Risks of Social Media
Risks to mental health. Many teens who are regular media users report that they have many friends, get along well with their parents, and are happy at school. However, peer rejection and a lack of close friends are among the strongest predictors of depression and negative self-views. Teens who are the heaviest media users report being less content and are more likely to report that they get into trouble a lot, are often sad or unhappy, and are often bored. Young women and girls tend to be at a higher risk for negative emotional and psychological consequences of social media interaction.

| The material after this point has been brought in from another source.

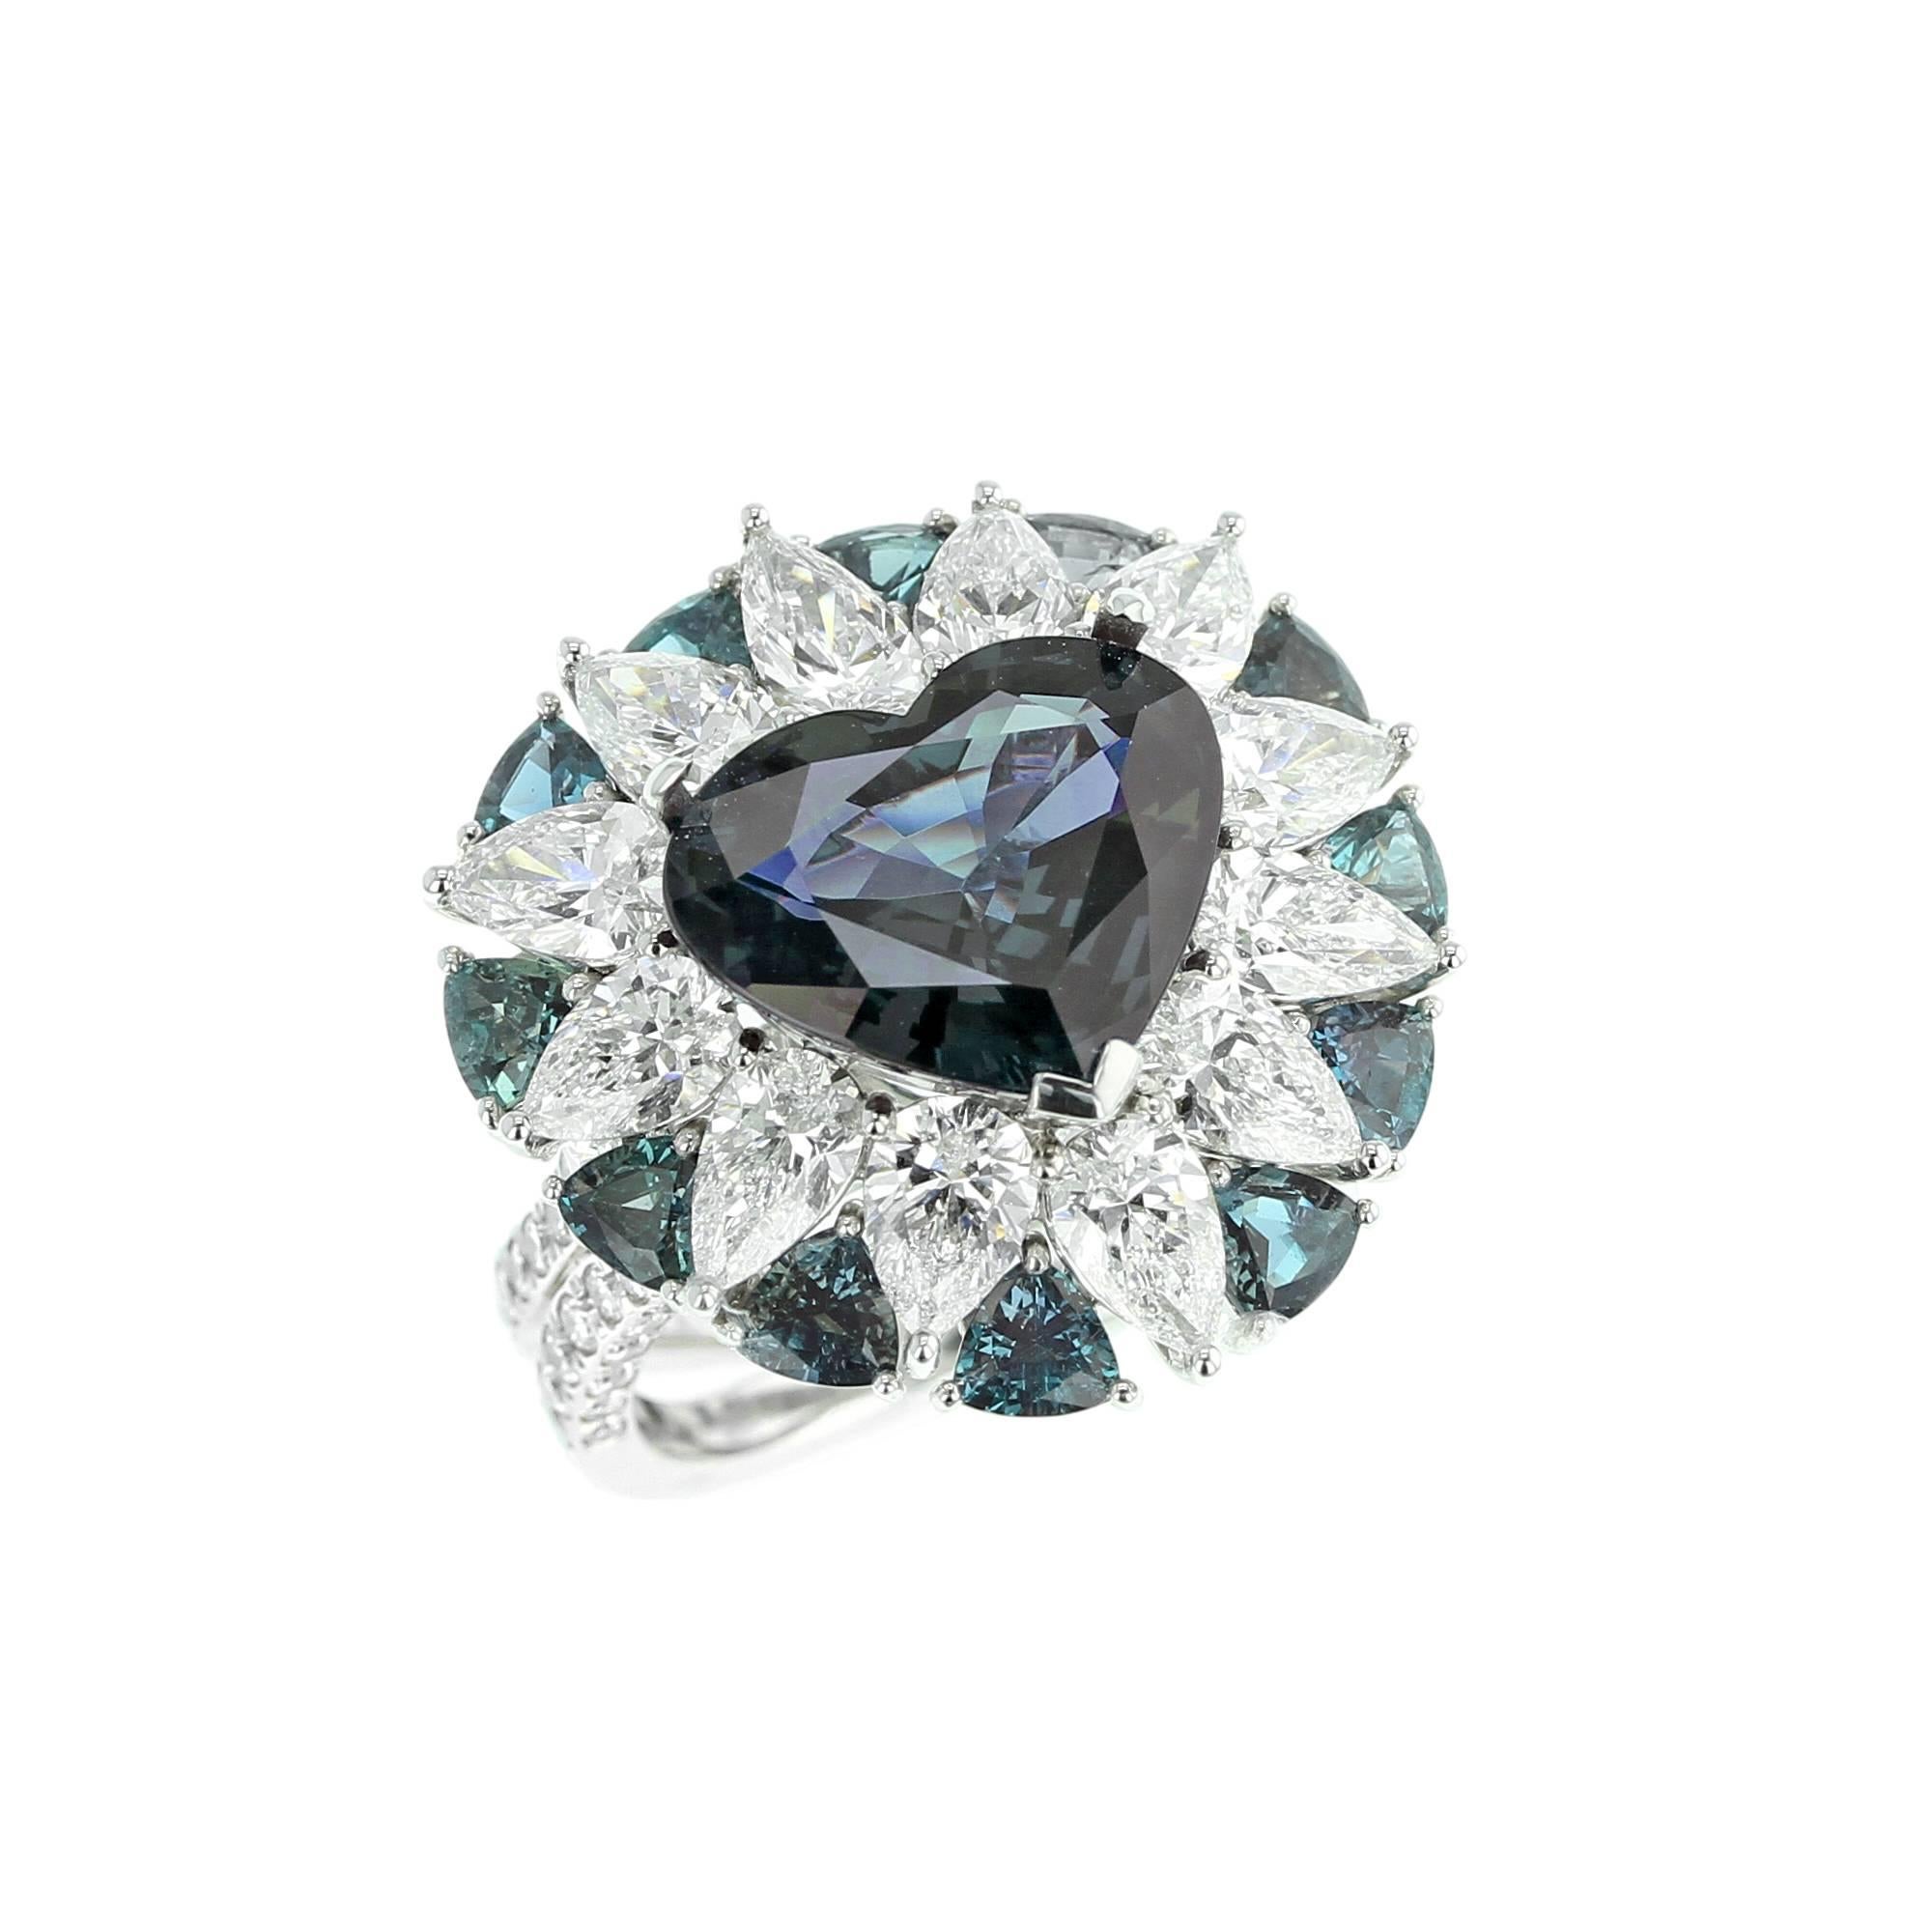 An impressive and beautiful natural, heart-shaped Alexandrite from Brazil, weighing over six carats, accented with diamonds weighing appx. 5.6 cts. (E-F Color, VS Clarity) and alexandrites weighing appx. 2.10 cts., set in Platinum. The Alexandrite

Cyberbullying. Use of social media also creates an opportunity for emotional distress from receiving threatening, harassing, or humiliating communication from another teen, or cyberbullying. Lesbian, gay, bi and transgendered (LGBT) teens are the most likely to fall victim to this sort of bullying, followed by females. Individuals who are victims of cyberbullying are more likely to then perpetrate cyberbullying themselves. Cyberbullying is unfortunately quite common, can occur to any young person online, and can cause profound psychosocial outcomes including depression, anxiety, severe isolation and, tragically, suicide.
Text/picture messaging. While most teens use messaging responsibly, it is still an extremely powerful and private communication tool that can be used irresponsibly. With texting, teens cannot see the reaction of the person receiving the message, so their actions can be separated from the consequences. Any personal information, photos, or videos that are exchanged via text can quickly be provided to an audience other than the intended. It is important that teens know these messages can be even more lasting than a conversation or event in person. Sexting in particular is a concern for parents and teens, and 20% of teens have received or sent sexually explicit images or messages. Some teens who have engaged in sexting have been threatened or charged with felony child pornography charges, although some states have started characterizing such behaviors as juvenile-law misdemeanors.
Benefits of Social Media
Socialization and communication. Most teens use online networks to extend the friendships they already have from other areas of their life. Social networking sites provide a way for teens to experience connectedness and opportunities to learn from each other. Online exchanges can help foster a child’s individual identity and social skills create relationships between individuals of different social and cultural backgrounds.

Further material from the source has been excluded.